When I first learned about lockless queues , I found a lot of information on the Internet , But most of them start to talk about the implementation of lockless queues from the beginning , It confused me , What exactly is an unlocked queue , What is the intention of designing this thing ？ Next, I will give you a good analysis of lockless queues .

What is a lockless queue

Lockless queue just as its name implies , No lock + queue , Queues have the following operational models ：

（1） Single producer, single consumer

Single producer, single consumer

（2） Multiple producers and single consumers

（3） Single producer and multiple consumers

Single producer and multiple consumers

（4） Many producers, many consumers

Many producers, many consumers
We need to use locks when we implement the producer consumer model , To ensure synchronization and mutual exclusion between threads
Mutually exclusive ： You need to lock the shared queue
Sync ：（1） The queue is empty and the consumer thread needs to read data , At this point, the consumer thread should be blocked
（2） The queue is full, but the producer thread still has to add data to the queue , At this point, the producer thread needs to be blocked

The intention of designing lockless queue is to realize the problem of producers and consumers without locks

Usage scenarios of lockless queues

Lockless queues apply to 1s Mass data （1s 10w+） The occasion of entering the queue , If the amount of data is small （1s Hundreds of thousands ） In this case, there is no need to use a lockless queue , Because the time of locking can be ignored .

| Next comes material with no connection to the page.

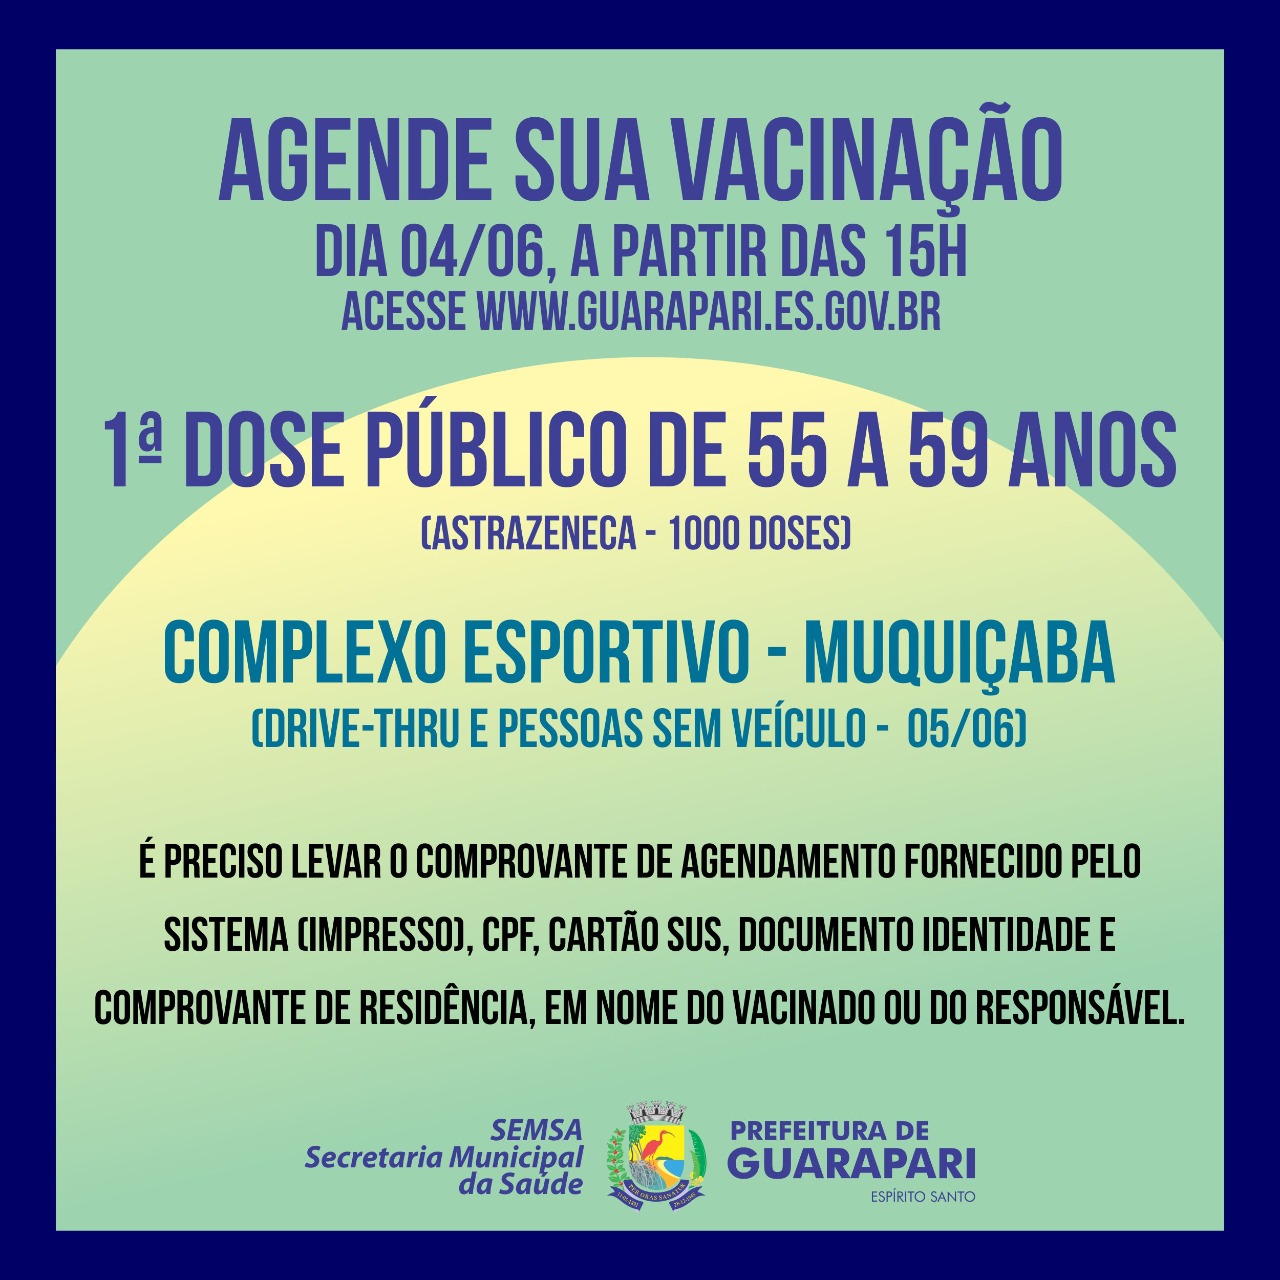 Covid-19: Nesta sexta-feira tem agendamento de vacinação para pessoas entre 55 e 59 anos em Guarapari  – Astrazeneca 

zeromq The design idea of no lock in （zeromq The lockless queue in supports only single producer and single consumer ）

stay zeromq in , Producers can produce at will , However, there are limitations for consumers to read , The idea of lock free implementation is when consumers read data , If the element in the queue is empty , Then return to false Instead of blocking the program with a lock , After that, the application layer is used by the programmer according to the returned false Let consumers wait for a while （ It can be sleep Or lock it ）, Start running again , Therefore, the lock free queue only does not need to be locked when operating on shared variables .
unlocked

zromq Implementation of queues

zeromq in yqueue.hpp Is the implementation of the queue , Let's take a look at the interfaces inside
The class of the queue

Queue chunk Mechanism

chunk Mechanism
yqueue By multiple chunk constitute , Every chunk All by N Elements make up , The advantage of this is that every time malloc A batch of elements will be allocated in batch when , Reduce the allocation and release of memory ,chunk And chunk The data structure of is a two-way linked list , Easy to add and find .

Mark
The actual position is shown in the figure ：
chunk

Gray indicates the block filled with data , White represents the block without filling data
back_pos Point to the last block with data
end_pos Point to back_pos The last one of them

spare_chunk The pointer , Used to save the released chunk The pointer , When it is necessary to reallocate chunk When , We'll look at
here , Assign... From here chunk. Here we use the atomic cas Operate to complete , Using the locality principle of the operating system , It means short
The amount of data in the queue in time is a process of horizontal fluctuation .

Other functions and stl in queue The name of the function of is the same as the function of , It is easy to understand , I won't give you too much introduction here .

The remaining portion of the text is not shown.